Loss is NaN in PLATIPUS
ju-leon opened this issue · 2 comments
Hi,
when trying to run Platipus.py with the provided defaults:
python3 main.py --datasource SineLine --ml-algorithm platipus --num-models 4 --first-order --network-architecture FcNet --no-batchnorm --num-ways 1 --k-shot 5 --inner-lr 0.001 --meta-lr 0.001 --num-epochs 100 --resume-epoch 0 --train
the following error occurs:
Platipus.py, line 195: ValueError: Loss is NaN.
Do you have any idea what might cause this? Doesn't seem to be a config issue since both defaults and altered params don't get any other results.
Thanks!
Leon
Hi Ju-leon,
Training PLATIPUS is not as straight-forward as other meta-learning methods in the repository, especially for regression since the loss at the beginning of the training might be very large, leading to exploding gradient. That is why the loss is NaN.

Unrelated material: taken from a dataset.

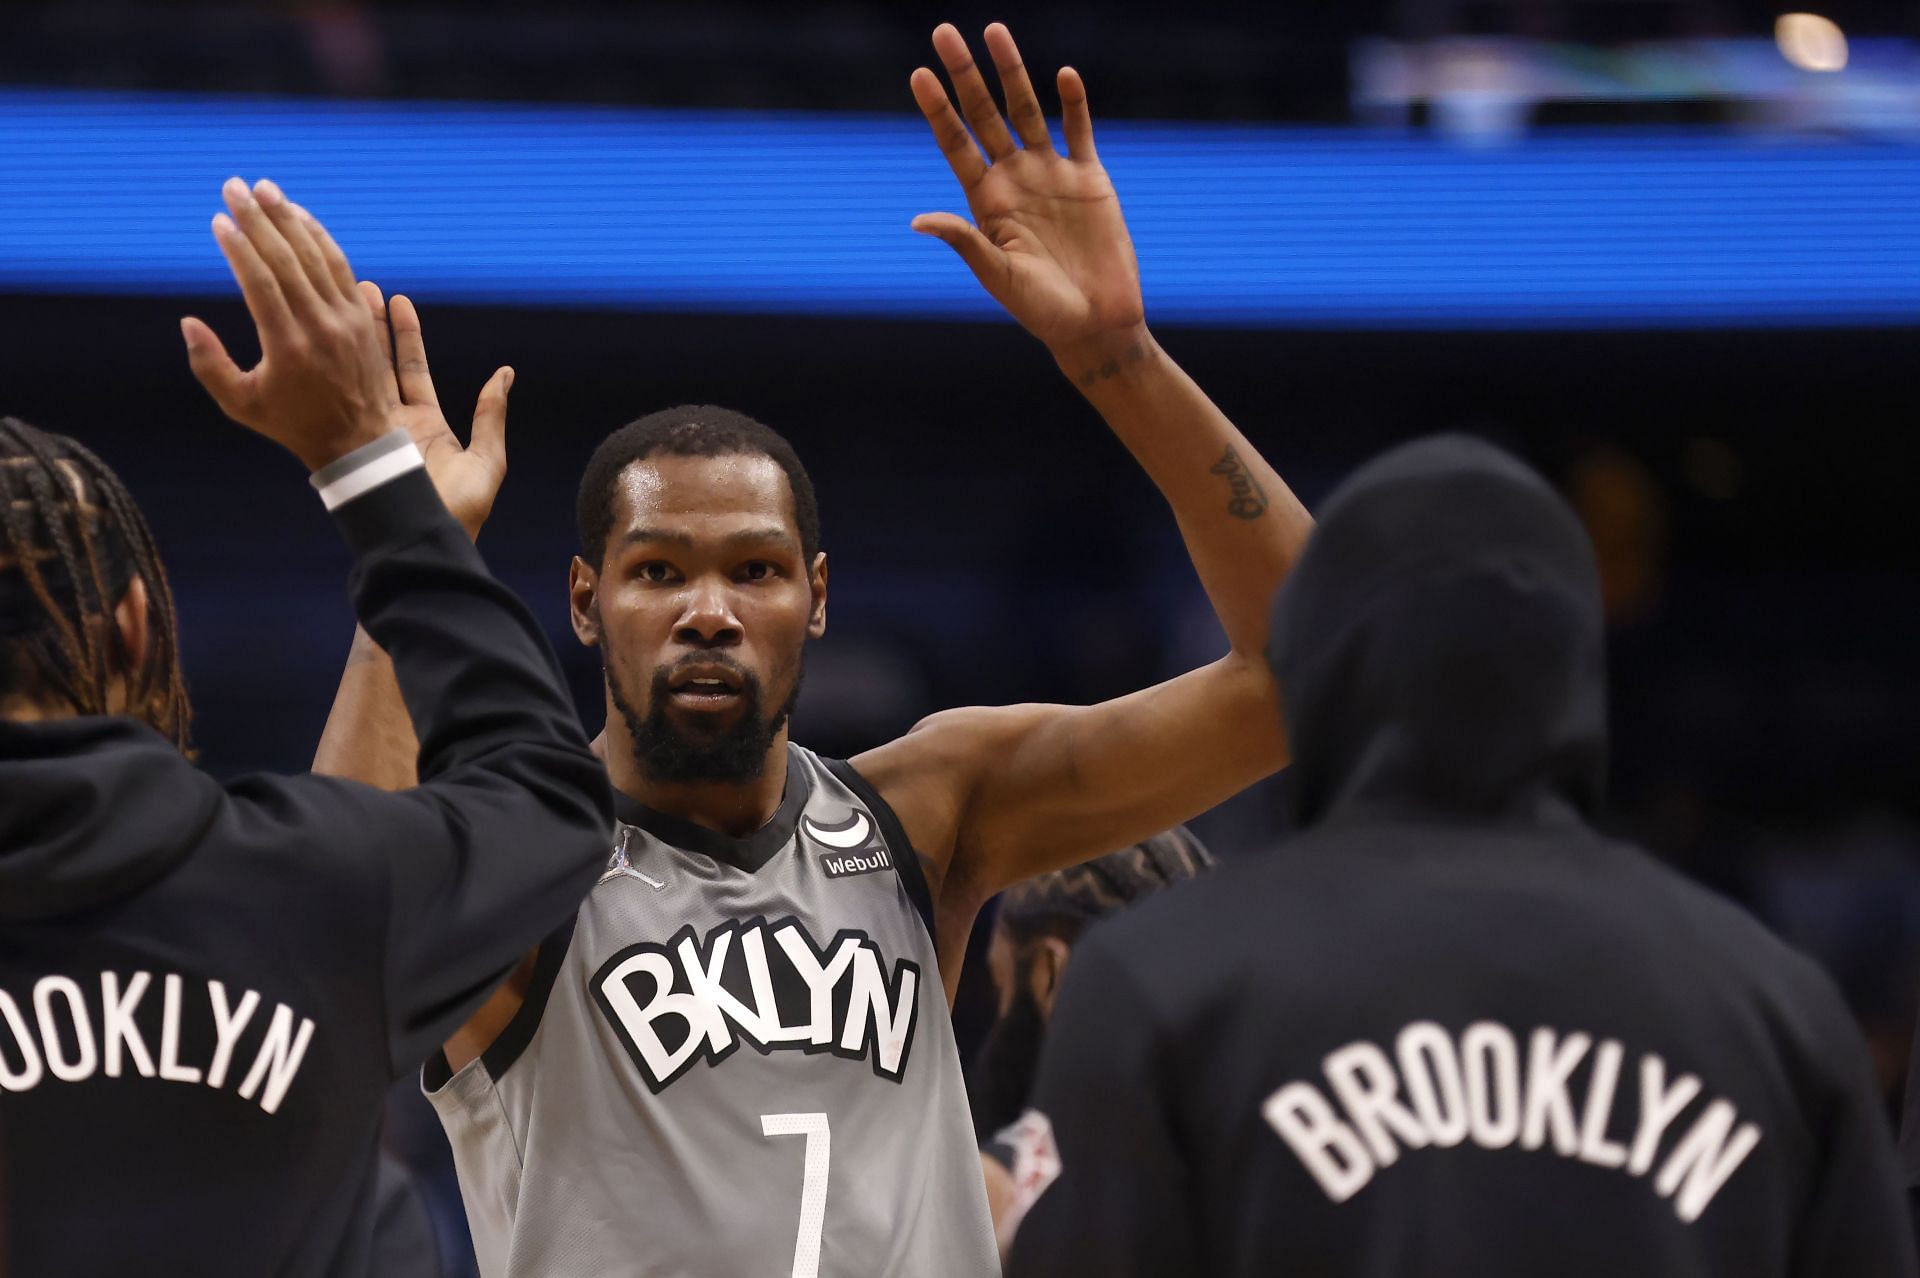 Kevin Durant celebrates a play as the Brooklyn Nets go into the huddle.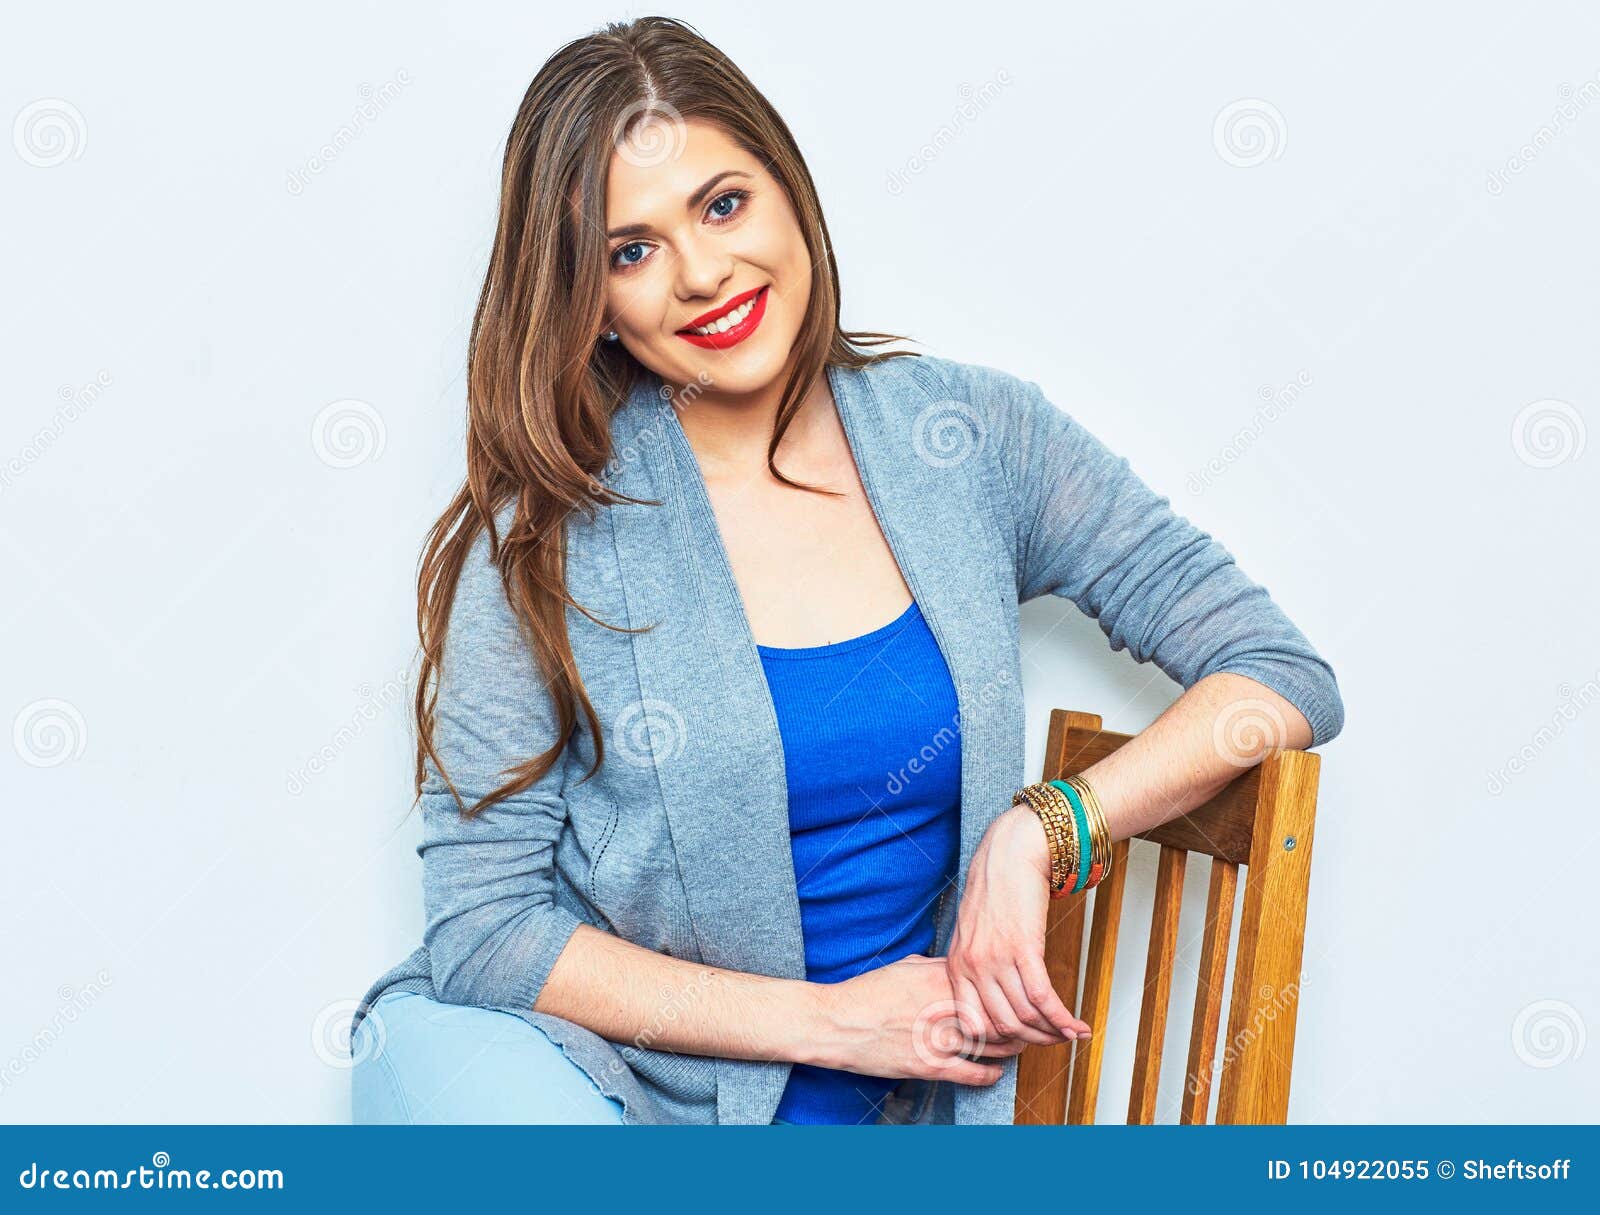 Smiling Woman Sitting on Chair. Young Model Stock Image - Image of ...

As specified at the top of the PLATIPUS script, we properly need to train MAML first, then use MAML as a pre-trained model for PLATIPUS mean parameter.
Another way is to put some gradient clipping for the task adaptation step (a.k.a. inner-loop) and the update for meta-parameter (outer-loop).
Thanks for the quick reply.
Clipping the loss function seems to work pretty well